The model has 2,592,105 trainable parameters


## Train the Model

In [19]:
import torch.optim as optim

optimizer = optim.SGD(model.parameters(), lr=1e-3)
criterion = nn.BCEWithLogitsLoss()
model = model.to(device)
criterion = criterion.to(device)

In [20]:
def binary_accuracy(preds, y):
    """
    Returns accuracy per batch, i.e. if you get 8/10 right, this returns 0.8, NOT 8
    """

    #round predictions to the closest integer
    rounded_preds = torch.round(torch.sigmoid(preds))
    correct = (rounded_preds == y).float() #convert into float for division
    acc = correct.sum() / len(correct)
    return acc

In [21]:
from tqdm import tqdm

In [22]:
def train(model, iterator, optimizer, criterion):

    epoch_loss = 0
    epoch_acc = 0

    model.train()

    for batch in tqdm(iterator):

        optimizer.zero_grad()

        predictions = model(batch.text).squeeze(1)

        loss = criterion(predictions, batch.label)

        acc = binary_accuracy(predictions, batch.label)

        loss.backward()

        optimizer.step()

        epoch_loss += loss.item()
        epoch_acc += acc.item()

    return epoch_loss / len(iterator), epoch_acc / len(iterator)

In [23]:
def evaluate(model, iterator, criterion):

    epoch_loss = 0
    epoch_acc = 0

    model.eval()

    with torch.no_grad():

        for batch in tqdm(iterator):

            predictions = model(batch.text).squeeze(1)

            loss = criterion(predictions, batch.label)

            acc = binary_accuracy(predictions, batch.label)

            epoch_loss += loss.item()
            epoch_acc += acc.item()

    return epoch_loss / len(iterator), epoch_acc / len(iterator)

In [24]:
import time

def epoch_time(start_time, end_time):
    elapsed_time = end_time - start_time
    elapsed_mins = int(elapsed_time / 60)
    elapsed_secs = int(elapsed_time - (elapsed_mins * 60))
    return elapsed_mins, elapsed_secs

In [25]:
N_EPOCHS = 5

best_valid_loss = float('inf')

for epoch in range(N_EPOCHS):

    start_time = time.time()

    train_loss, train_acc = train(model, train_iterator, optimizer, criterion)
    valid_loss, valid_acc = evaluate(model, valid_iterator, criterion)

    end_time = time.time()

    epoch_mins, epoch_secs = epoch_time(start_time, end_time)

    if valid_loss < best_valid_loss:
        best_valid_loss = valid_loss
        torch.save(model.state_dict(), 'rnn-model.pt')

    print(f'Epoch: {epoch+1:02} | Epoch Time: {epoch_mins}m {epoch_secs}s')
    print(f'\tTrain Loss: {train_loss:.3f} | Train Acc: {train_acc*100:.2f}%')
    print(f'\t Val.
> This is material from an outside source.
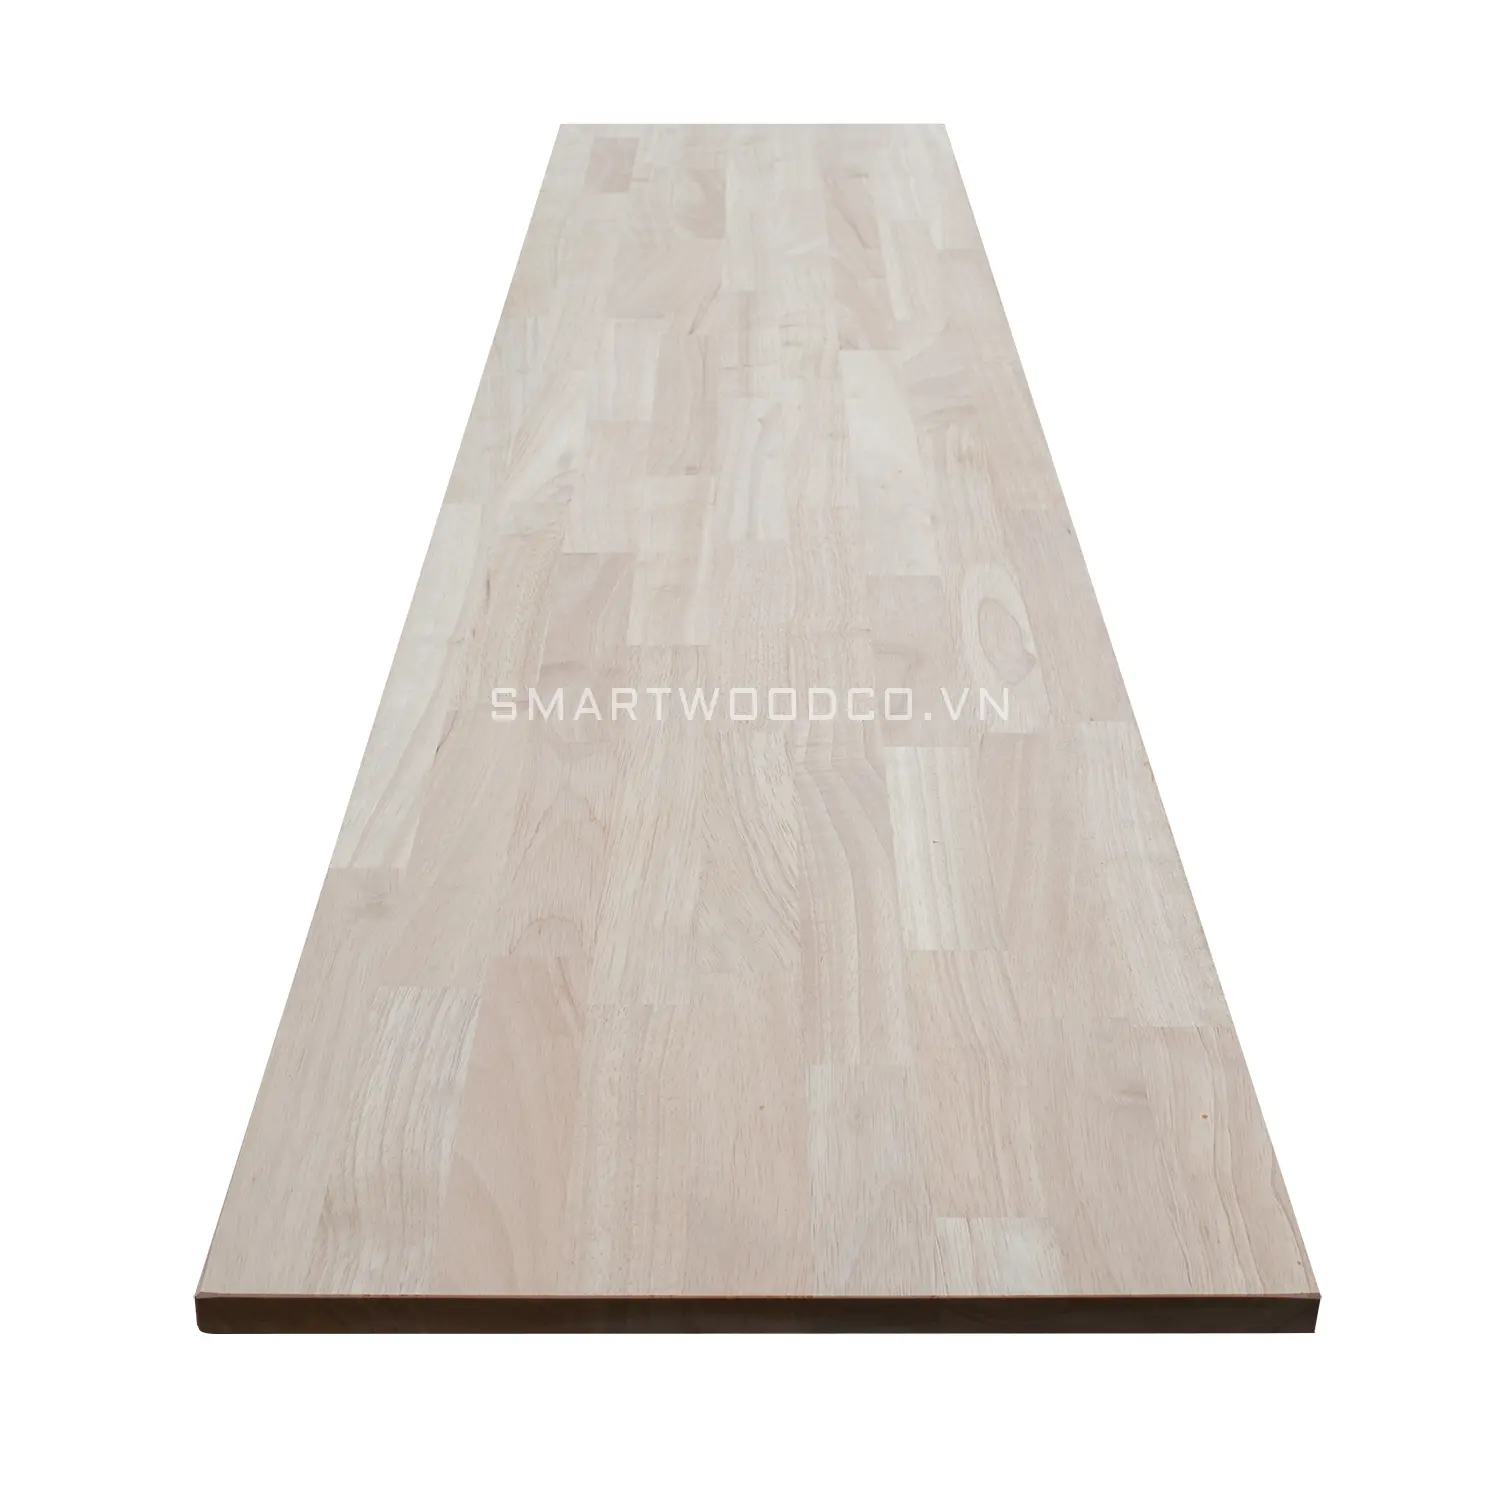 SMARTWOOD रबर लकड़ी उंगली संयुक्त बोर्ड वियतनाम से सस्ती कीमत के साथ प्राकृतिक रंग
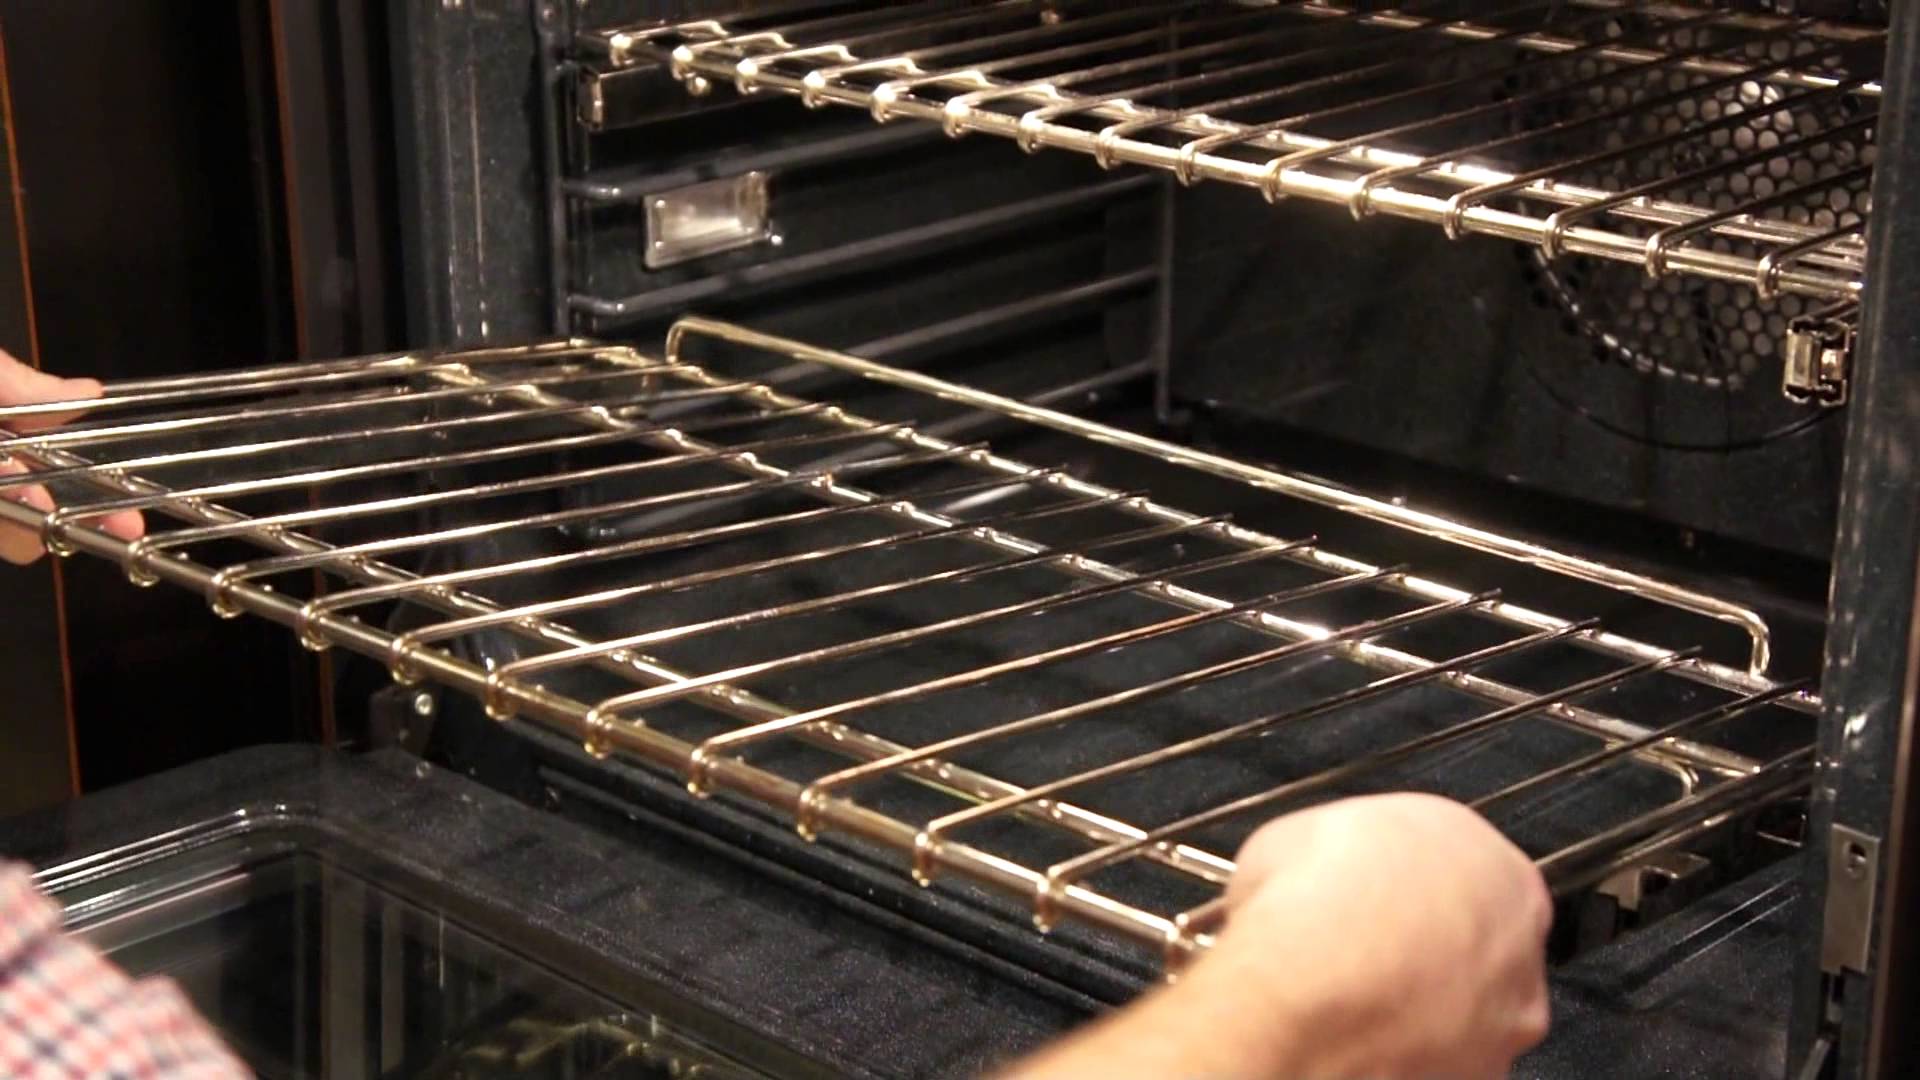 How To Clean Oven Racks: 5 Easy, Proven Methods

Loss: {valid_loss:.3f} |  Val. Acc: {valid_acc*100:.2f}%')

100%|██████████| 274/274 [00:09<00:00, 28.18it/s]
100%|██████████| 118/118 [00:01<00:00, 107.93it/s]


Epoch: 01 | Epoch Time: 0m 10s
	Train Loss: 0.694 | Train Acc: 50.19%
	 Val. Loss: 0.696 |  Val. Acc: 49.81%


100%|██████████| 274/274 [00:08<00:00, 30.51it/s]
100%|██████████| 118/118 [00:00<00:00, 154.28it/s]


Epoch: 02 | Epoch Time: 0m 9s
	Train Loss: 0.693 | Train Acc: 49.86%
	 Val. Loss: 0.696 |  Val. Acc: 49.96%


100%|██████████| 274/274 [00:08<00:00, 30.53it/s]
100%|██████████| 118/118 [00:00<00:00, 156.65it/s]


Epoch: 03 | Epoch Time: 0m 9s
	Train Loss: 0.693 | Train Acc: 50.15%
	 Val. Loss: 0.696 |  Val. Acc: 50.78%


100%|██████████| 274/274 [00:09<00:00, 29.07it/s]
100%|██████████| 118/118 [00:01<00:00, 108.87it/s]


Epoch: 04 | Epoch Time: 0m 10s
	Train Loss: 0.693 | Train Acc: 49.82%
	 Val. Loss: 0.696 |  Val. Acc: 49.65%


100%|██████████| 274/274 [00:09<00:00, 30.11it/s]
100%|██████████| 118/118 [00:01<00:00, 110.31it/s]

Epoch: 05 | Epoch Time: 0m 10s
	Train Loss: 0.693 | Train Acc: 50.18%
	 Val. Loss: 0.696 |  Val. Acc: 50.83%





In [26]:
model.load_state_dict(torch.load('rnn-model.pt'))

test_loss, test_acc = evaluate(model, test_iterator, criterion)

print(f'Test Loss: {test_loss:.3f} | Test Acc: {test_acc*100:.2f}%')

100%|██████████| 391/391 [00:04<00:00, 97.65it/s]

Test Loss: 0.712 | Test Acc: 45.68%





## Next Steps

In the next task, the improvements we will make are:
- packed padded sequences
- pre-trained word embeddings
- different RNN architecture
- bidirectional RNN
- multi-layer RNN
- regularization
- a different optimizer

This will allow us to achieve ~84% accuracy.